Caldicott has hosted an hour-long, weekly radio program, "If You Love This Planet." The show was first aired and originated by Houston station KPFT and is now heard on dozens of U.S., Australian and Canadian stations, and on its own website www.ifyoulovethisplanet.org.[6]
A fully revised and updated edition of her 1992 book "If You Love This Planet" was published by W.W.
Norton in September 2009.
Helen Caldicott is featured along with foreign affairs experts, space security activists and military officials in interviews in Denis Delestrac's 2010 feature documentary "Pax Americana and the Weaponization of Space".
Australian politics
Caldicott contested the New South Wales seat of Division of Richmond in the House of Representatives at the 1990 federal election, a seat held by conservatives since the inaugural 1901 election, and by the Country Party (now National Party) since it first contested elections at the 1922 election.

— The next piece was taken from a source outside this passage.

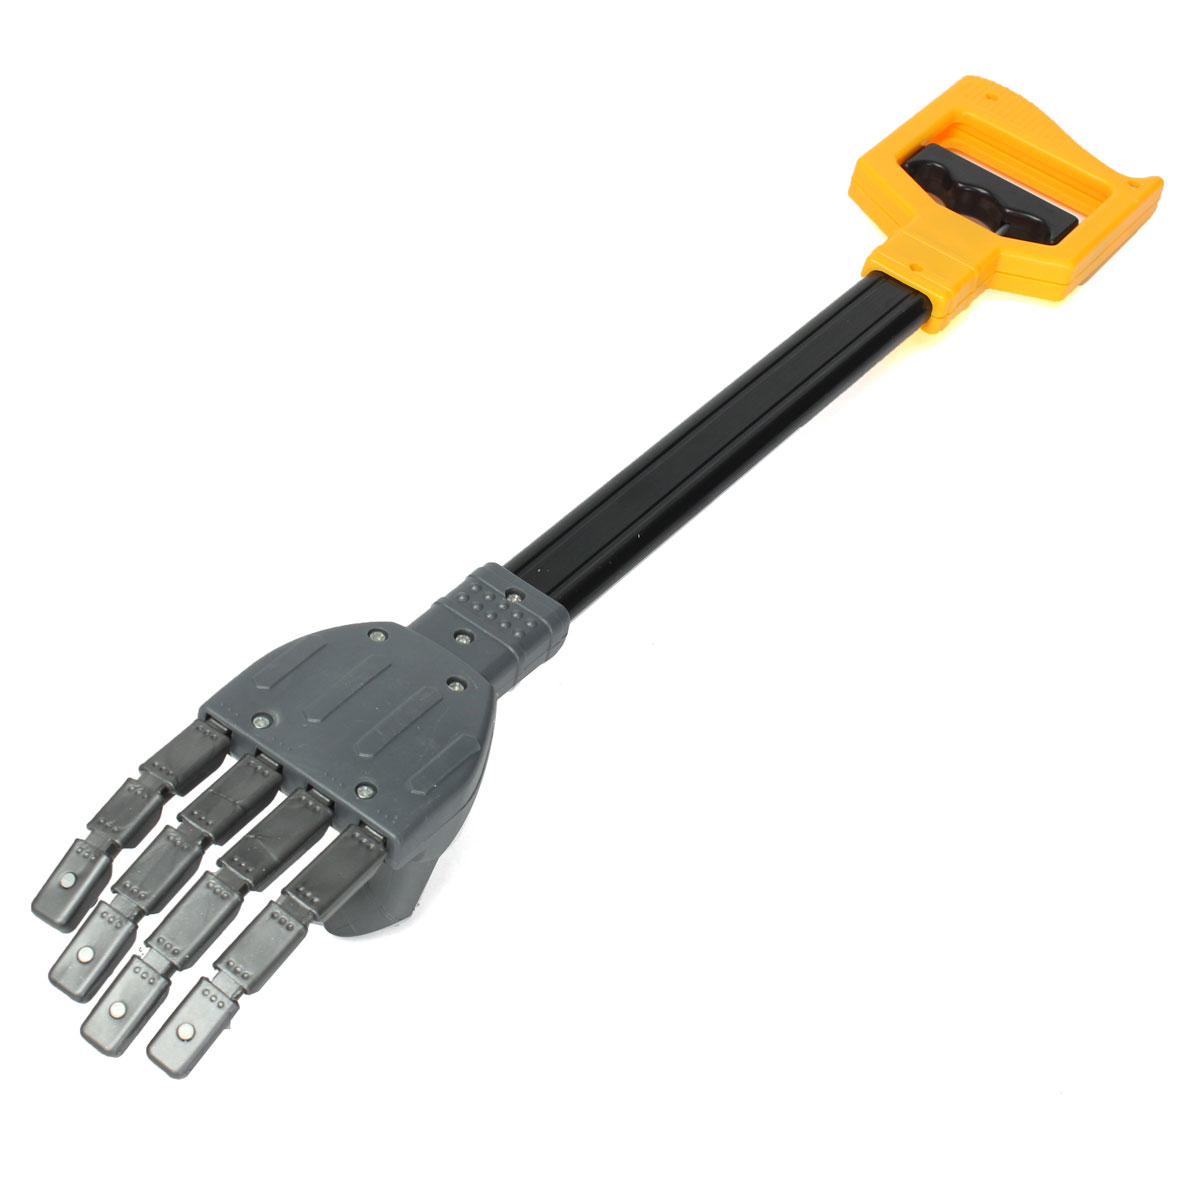 robot claw grabber toy

According to Caldicott, citing a 30 March 1979 study by the Pennsylvania State University, College of Engineering, radiation contaminants that fell on the Pennsylvania grass found its way into the milk of the local dairy cows.[3] Caldicott noted this was contrary to the findings in the government official report[4] released shortly after the Three Mile Island disaster.
She herself received the Humanist of the Year award from the American Humanist Association in 1982.
In 1995 Caldicott returned to the US where she lectured for the New School of Social Research on the Media, Global Politics, and the Environment.
In year 2001, she founded the US-based Nuclear Policy Research Institute (NPRI), which became Beyond Nuclear.
The Foundation’s most recent symposium, co-sponsored by Physicians for Social Responsibility was held at the New York Academy of Medicine in March 2013, 2013. With her family, Dr. Caldicott moved to the United States in 1977, where she became an instructor in pediatrics at Harvard Medical School.
The Smithsonian Institution has named Caldicott as one of the most influential women of the 20th century.